Perpetual Groove had always tested unfinished records during its shows, but because all of the songs from the latest album were produced in the studio, this year’s tour dates are the first time the band's new material is being performed live. McDonald says guests can expect to hear more recent works during Friday's show at the Culture Room.

“It’s really nice to have such a deep catalogue, and you can tell there’s a certain vibe for each tour,” he says. “For this tour, our focus is definitely on the new material, we’ve been having a lot of fun with it because we’ve never played these songs on the road live before.

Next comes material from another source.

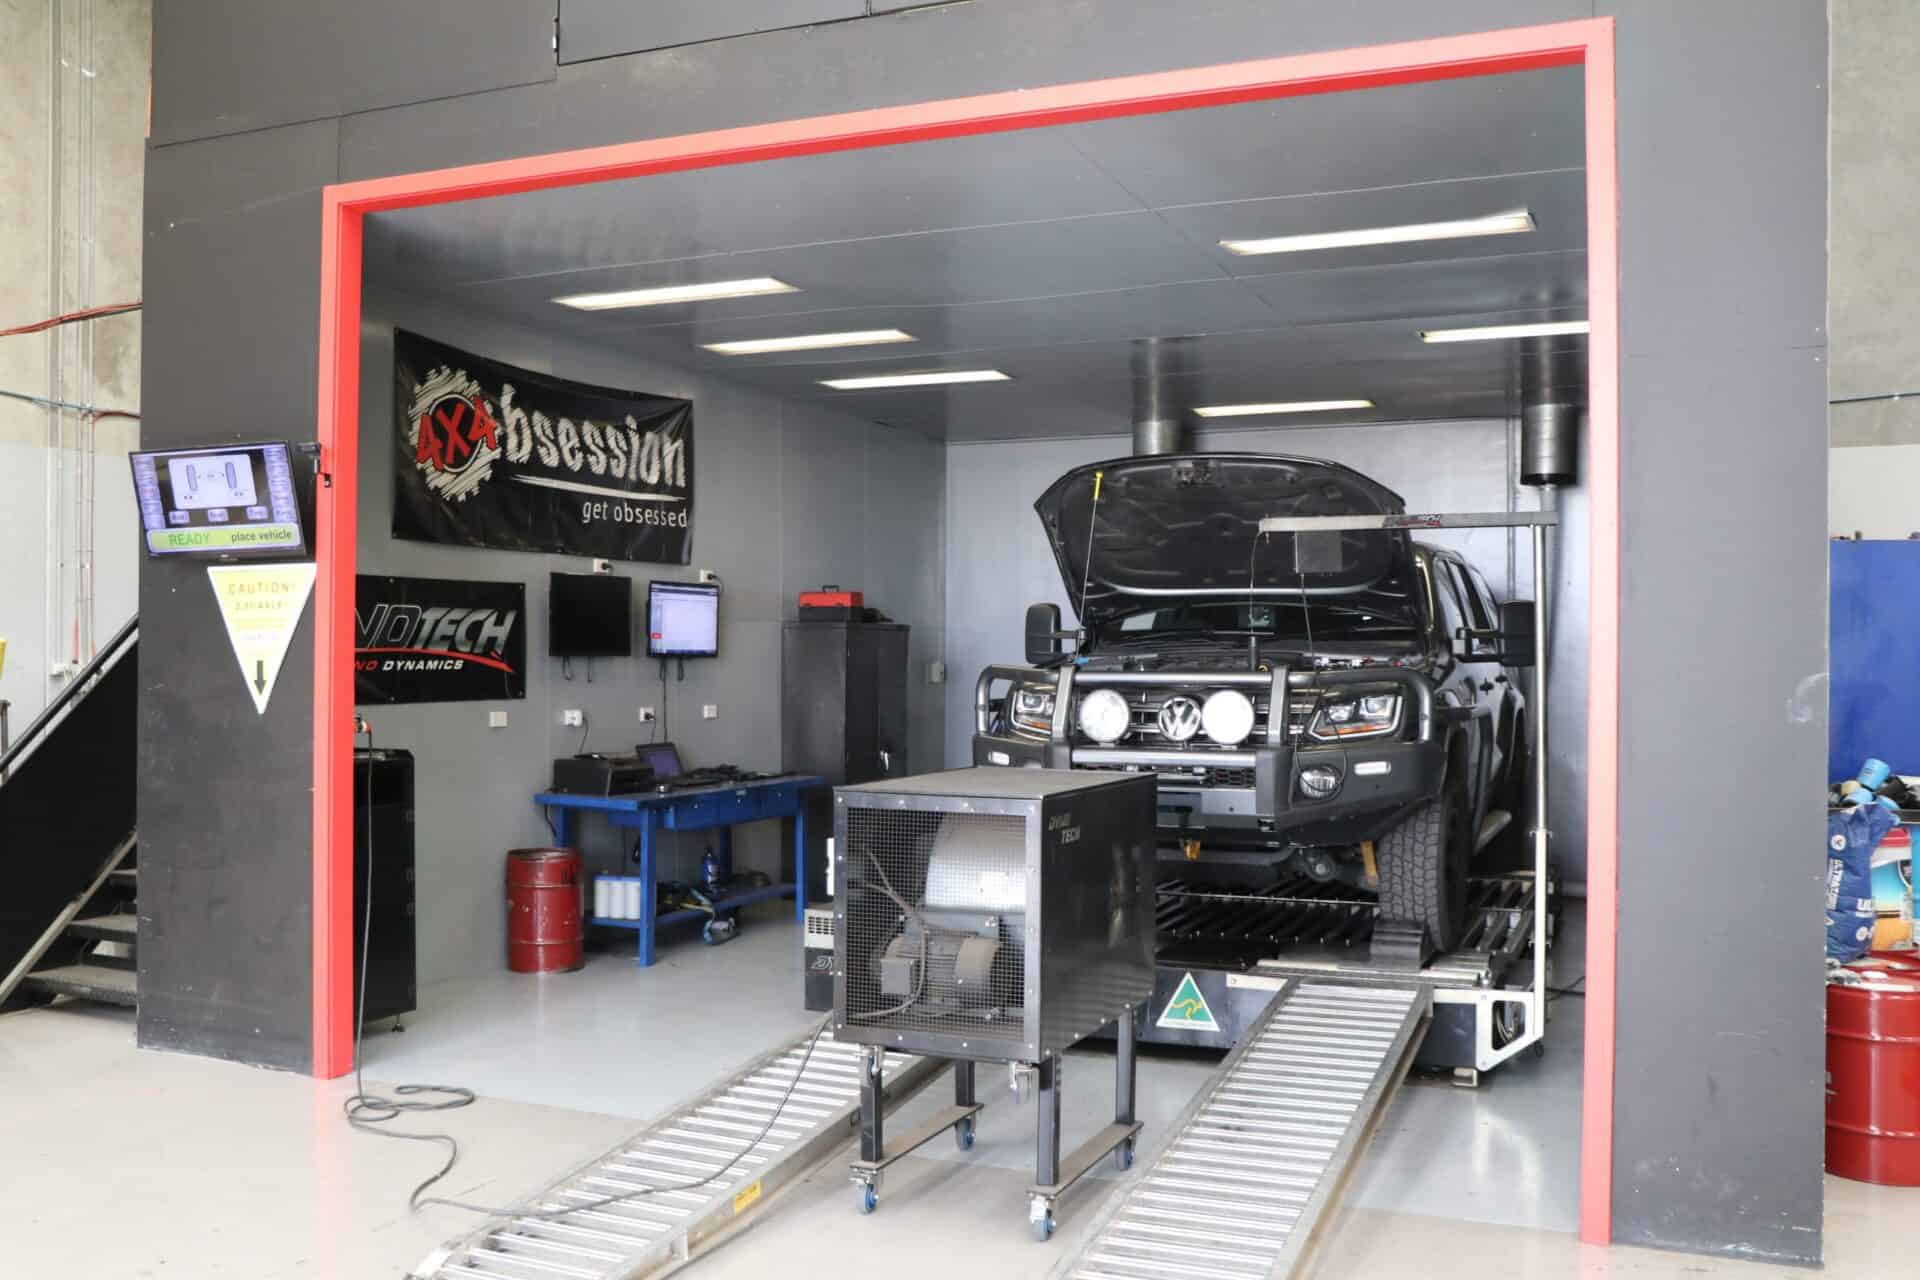 Diesel Tuning Mechanics perform 4WD Dynamometer Testing   4x4 Obsession Workshop, Melbourne, Victoria
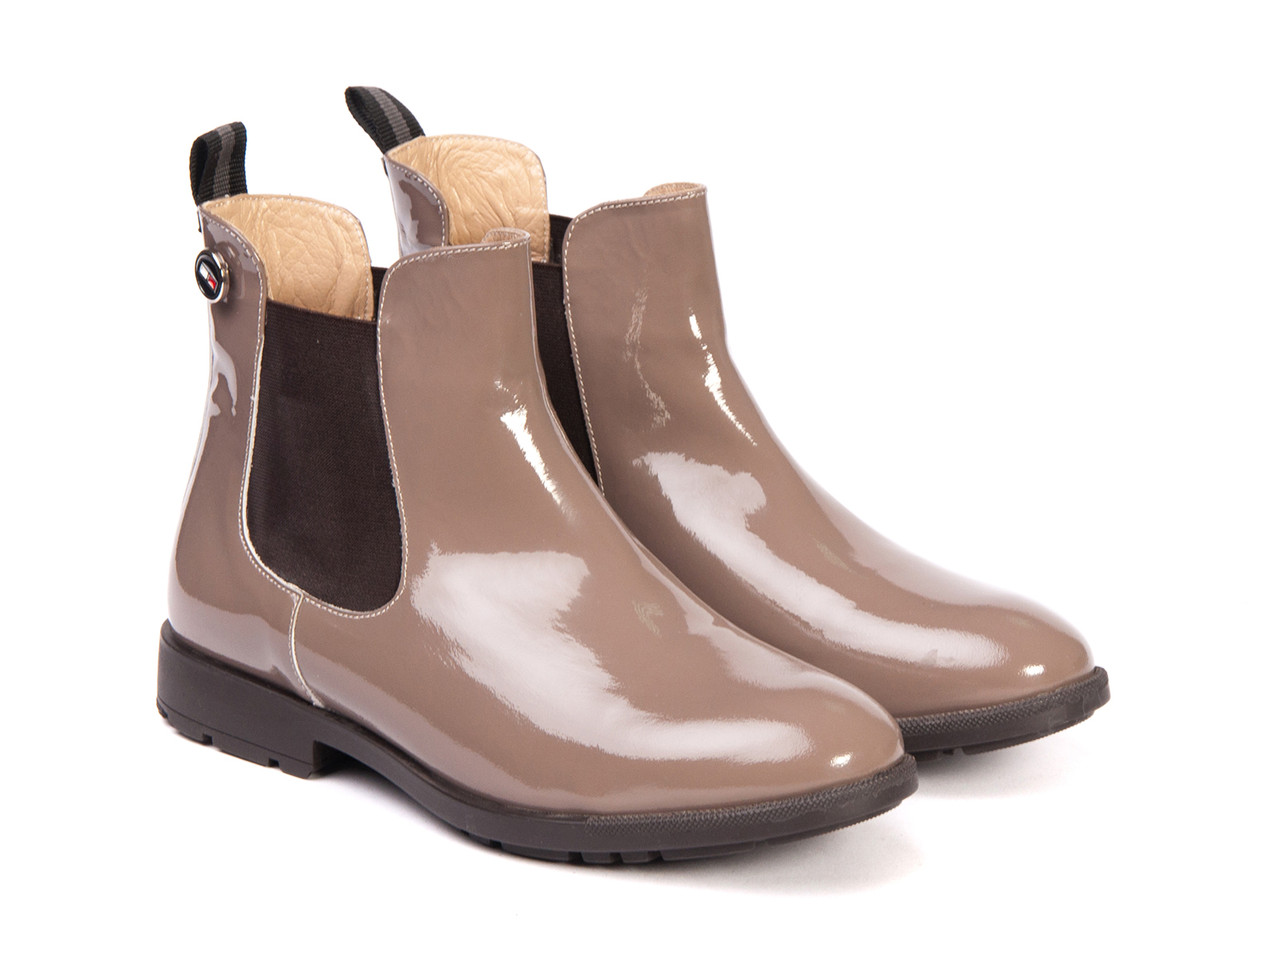 Ботинки Etor 4269-0-7134-1405 бежевые, фото 1

People are receiving our new stuff really well, and it’s been a big year of change.

Beyond the release of the band's self-titled album, Perpetual Groove's year of change saw the group sign with management for the first time in a decade and move to a new booking agency. The bandmates are sitting on tons of raw material they plan to take into the studio, and they're looking forward to touring on the West Coast for the first time in ten years. After two decades of delivering their hallmark melancholy anthems to adoring fans with tear-soaked cheeks, Perpetual Groove is ready for yet another new chapter of growth.

“We’re plugged into a machine that we weren’t plugged into previously, so that’s exciting to watch,” McDonald says. “We’re ready to see where this new team brings us.”

Perpetual Groove. With Tand. 8 p.m. Friday, December 13, at Culture Room, 3045 N. Federal Hwy., Fort Lauderdale; 954-564-1074; cultureroom.net. Tickets cost $20 via ticketmaster.com.